If you are thinking about attending Moorpark College and believe you may qualify, contact the ACCESS program at 805-378-1461
3. Special College Programs
Some colleges offer programs that are tailored for students with documented disabilities. Usually a few steps are needed to get into these special programs:
- An admissions process in addition to the college’s regular admissions process
- An interview with someone from the program
- A fee on top of the school’s regular tuition
For many students, the extra resources are worth the extra cost. The advantages to these programs include:
- Tutoring by professionals (as opposed to peer-to-peer tutoring)
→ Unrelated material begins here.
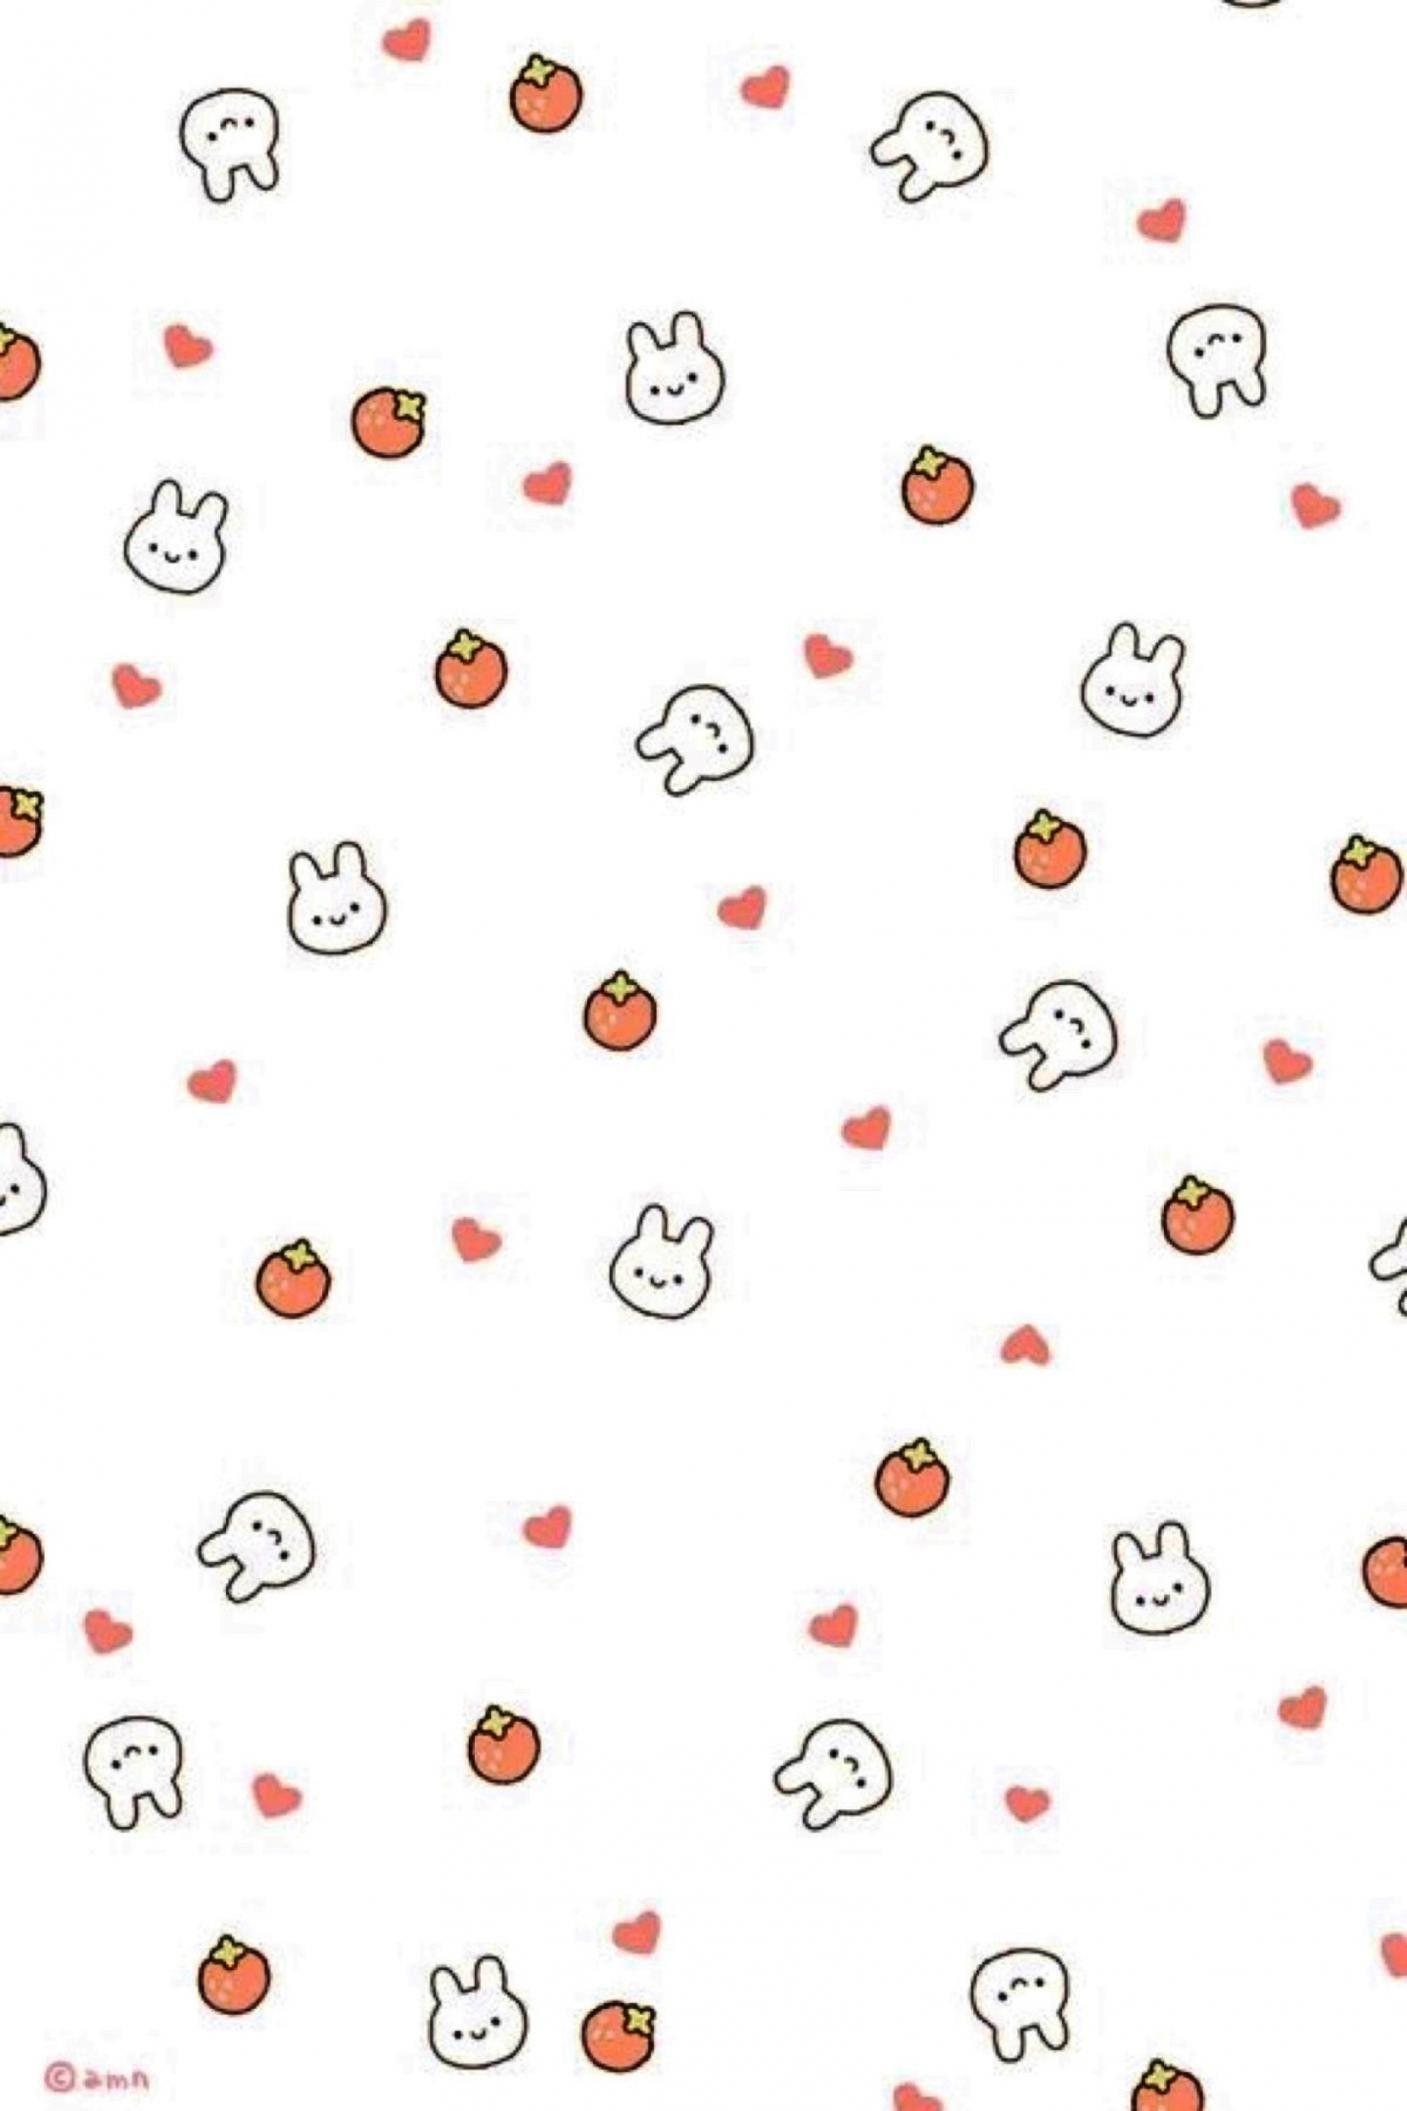 48+] Cute Wallpaper Backgrounds for iPad - WallpaperSafari

- Workshops on study skills and time management
- Advisors who can talk to professors about a student’s progress or need for accommodations
Rein, Jim. Are there IEPs and 504 Plans in College? https://www.understood.org/en/school-learning/choosing-starting-school/leaving-high-school/are-there-ieps-and-504-plans-in-college 31 August 2016.
How are we serving you?
We welcome compliments, concerns, and suggestions for improvement.
Please share your experience with us via our Survey.
If you have suggestions about our Website,
e-mail Wendy Mayea, Webmaster.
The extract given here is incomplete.